• _INFORMATION SHOWN_:

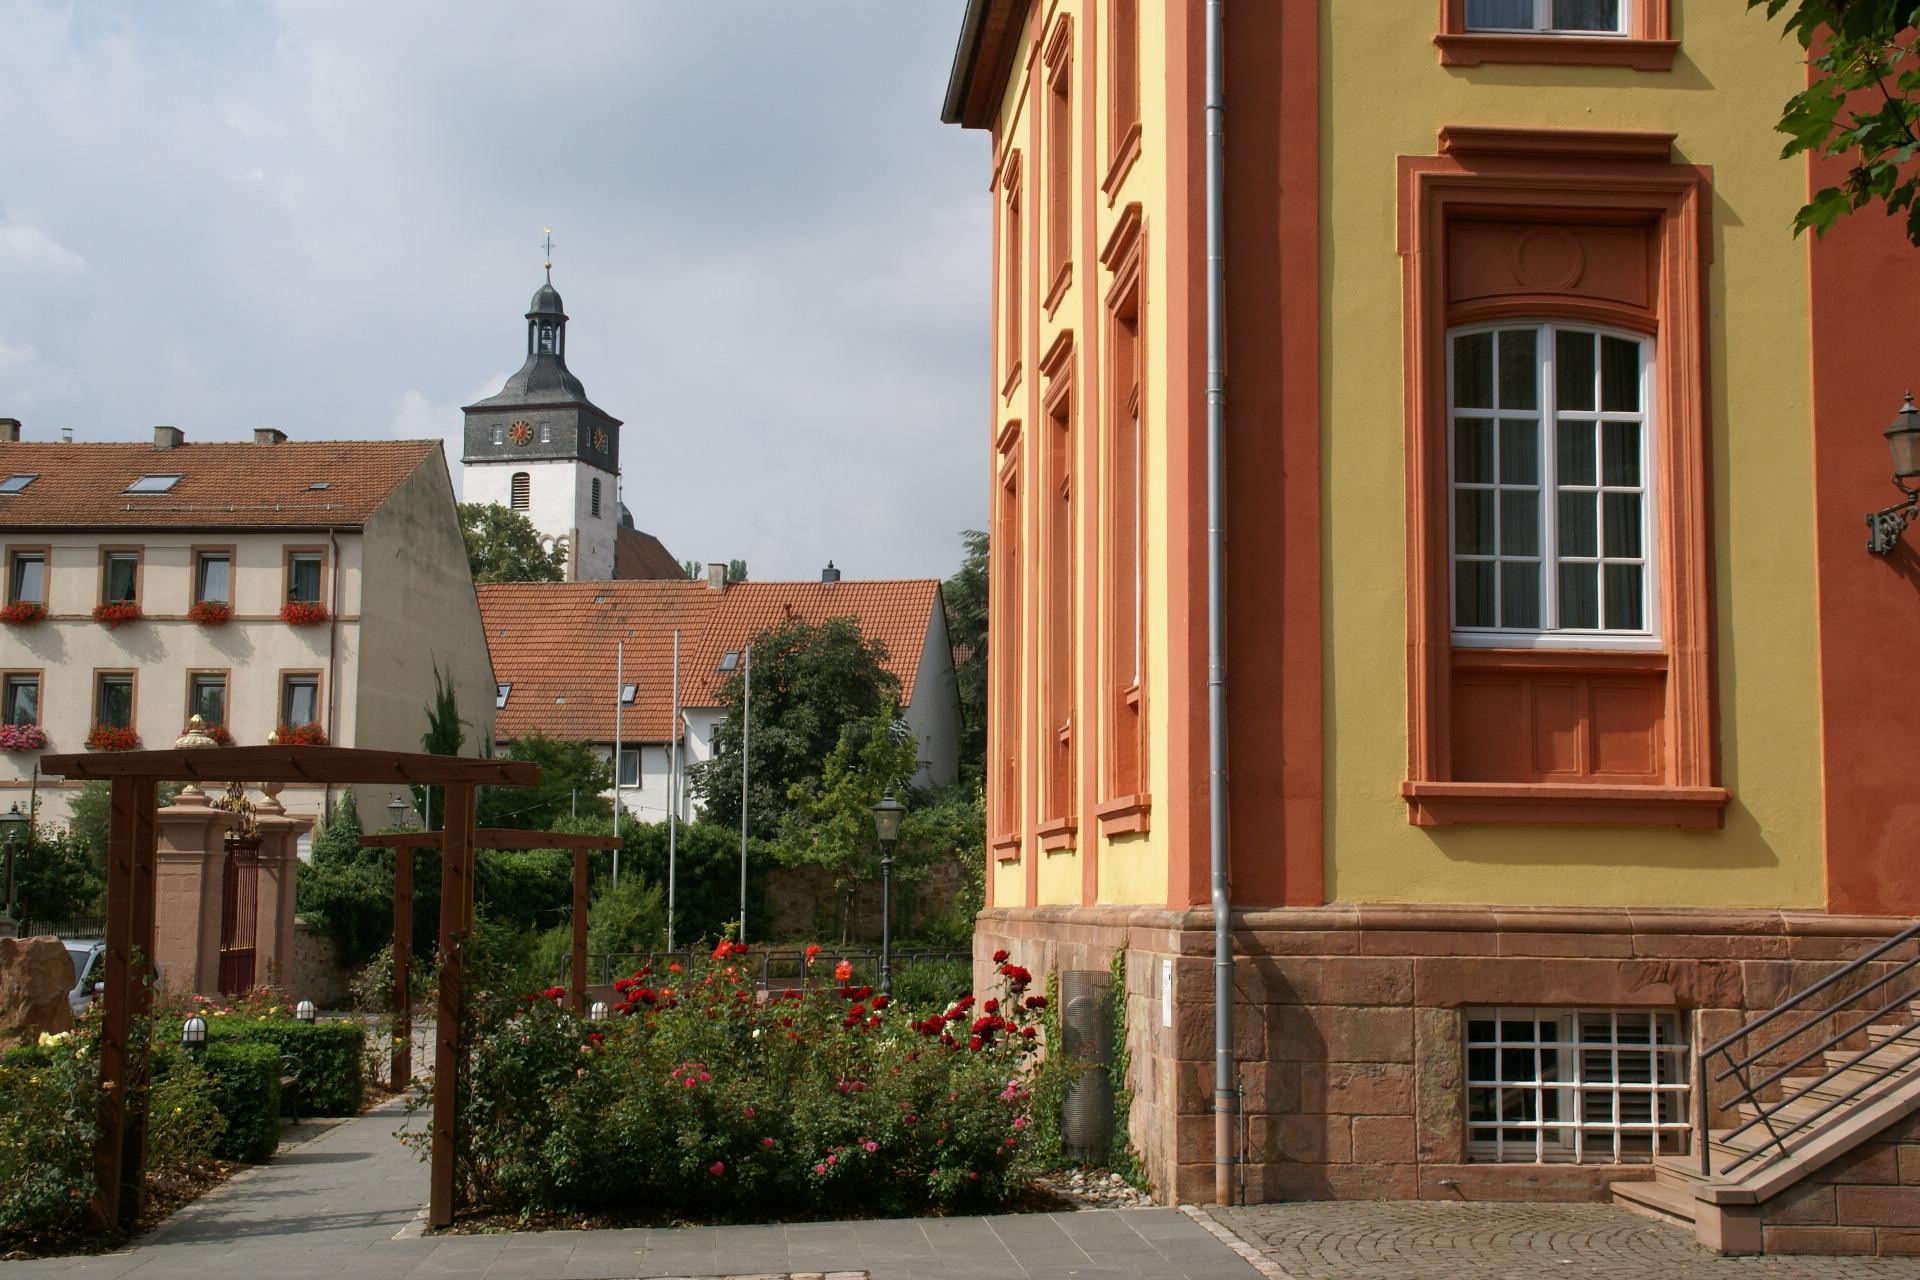 Kirchheimbolanden Germany  City pictures : ... :2009.08.14.103817 Schloss Kirchheimbolanden Wikimedia Commons
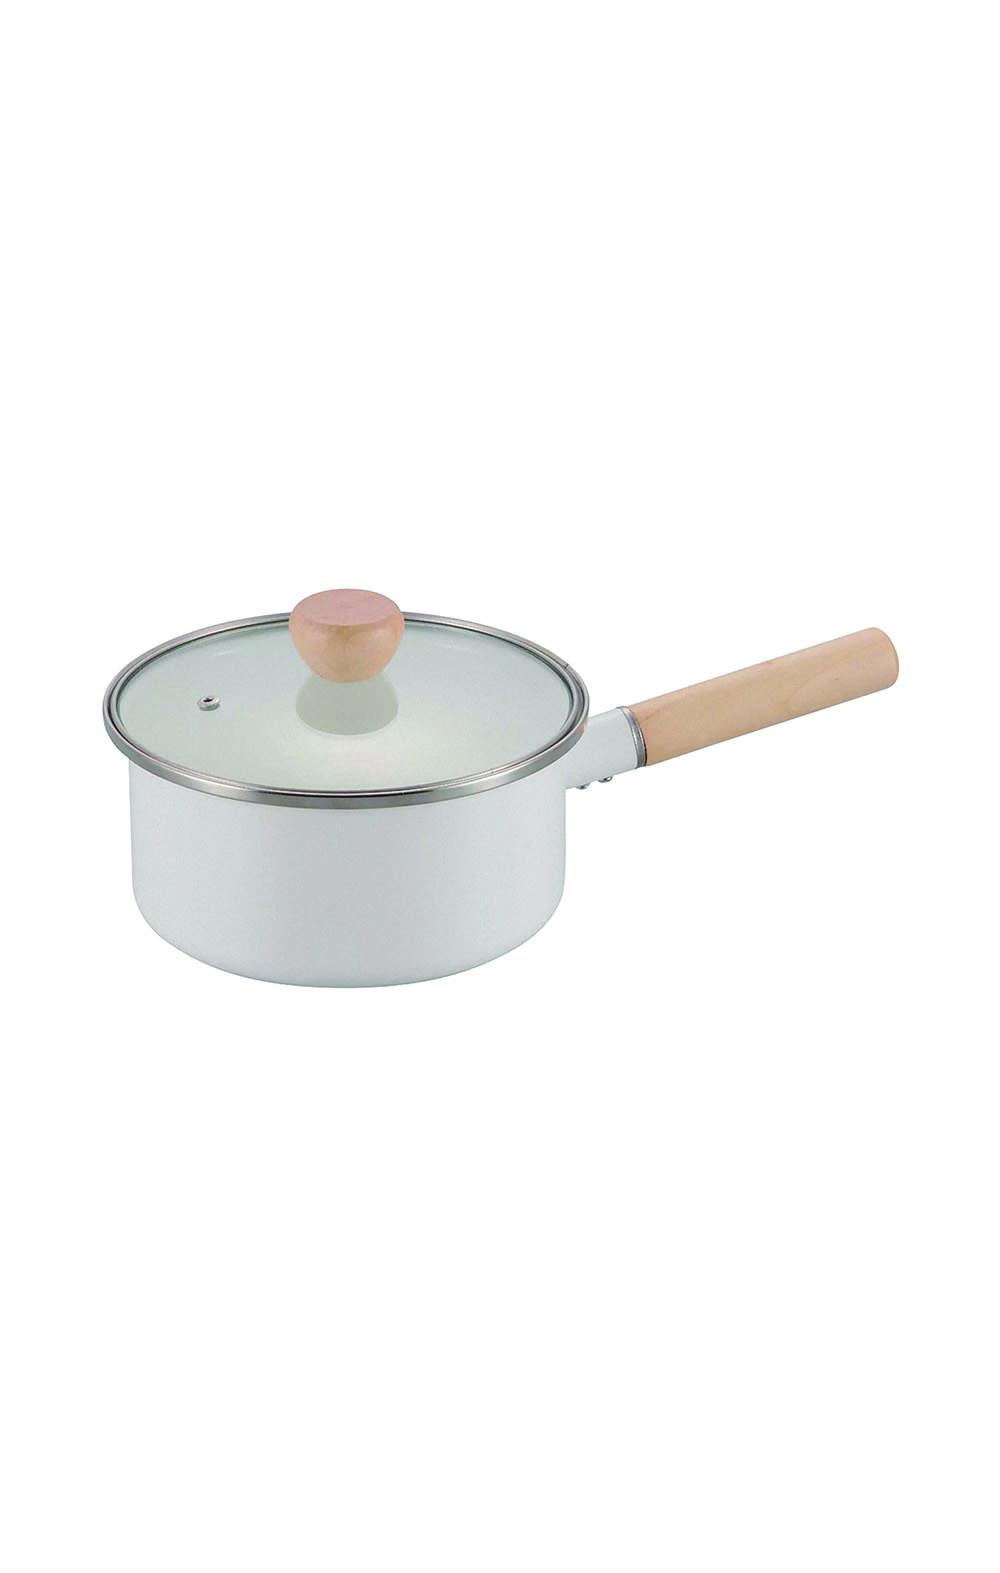 Pearl Metal HB-4943 Single Handed Pot White 18 cm وعاء متعدد الأستخدام
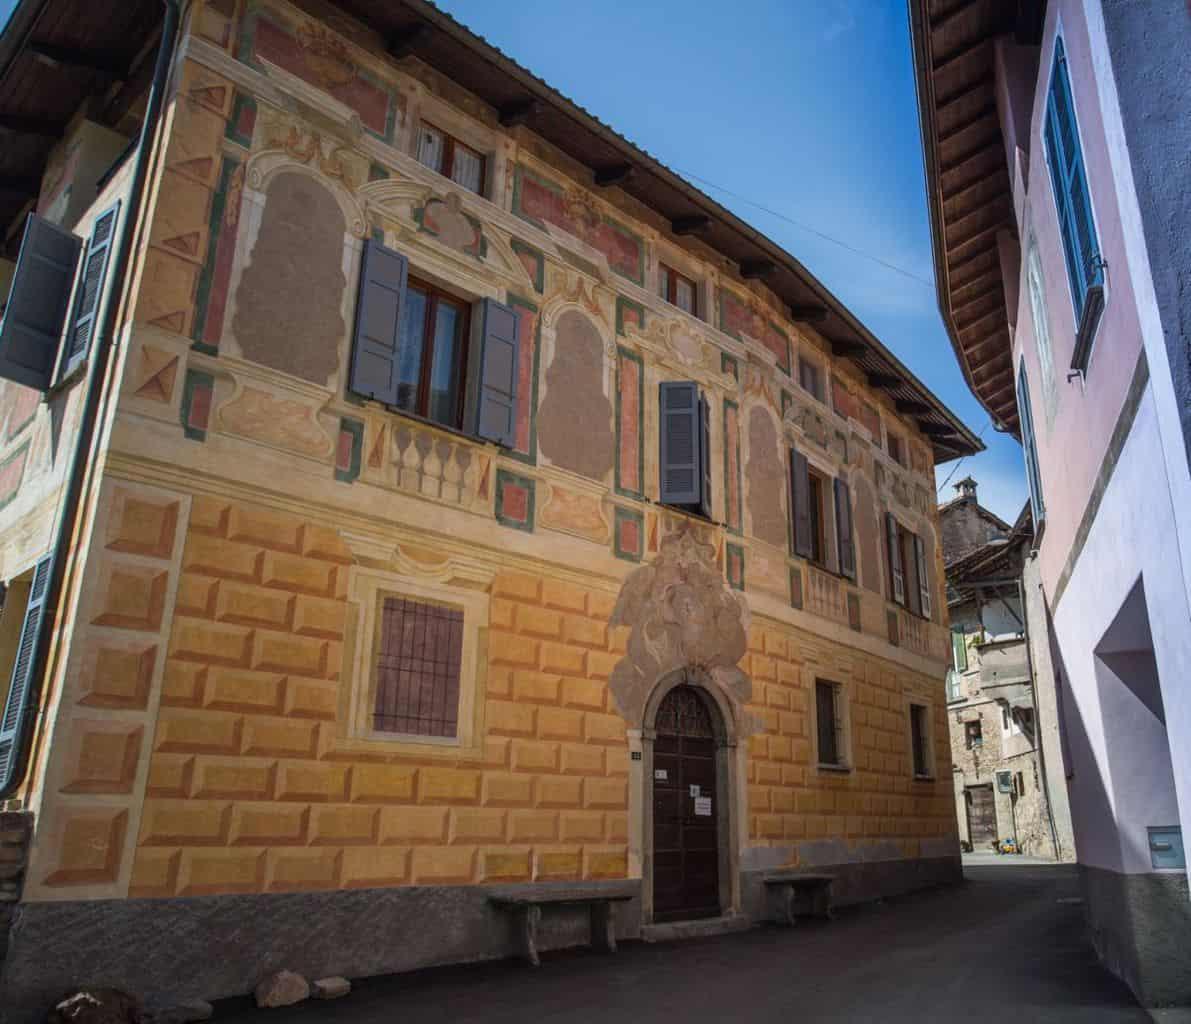 Carona - a Hidden Gem in the Ticino

• _YOUR GOAL_:
The expected output is exactly the lines from the one containing "Pearl Metal HB-4943" through the last line of the listing, both included, with every picture left out.

• _RESULT OF THIS EXERCISE_:
 Pearl Metal HB-4943 Single Handed Pot White 18 cm وعاء متعدد الأستخدام
 Carona - a Hidden Gem in the Ticino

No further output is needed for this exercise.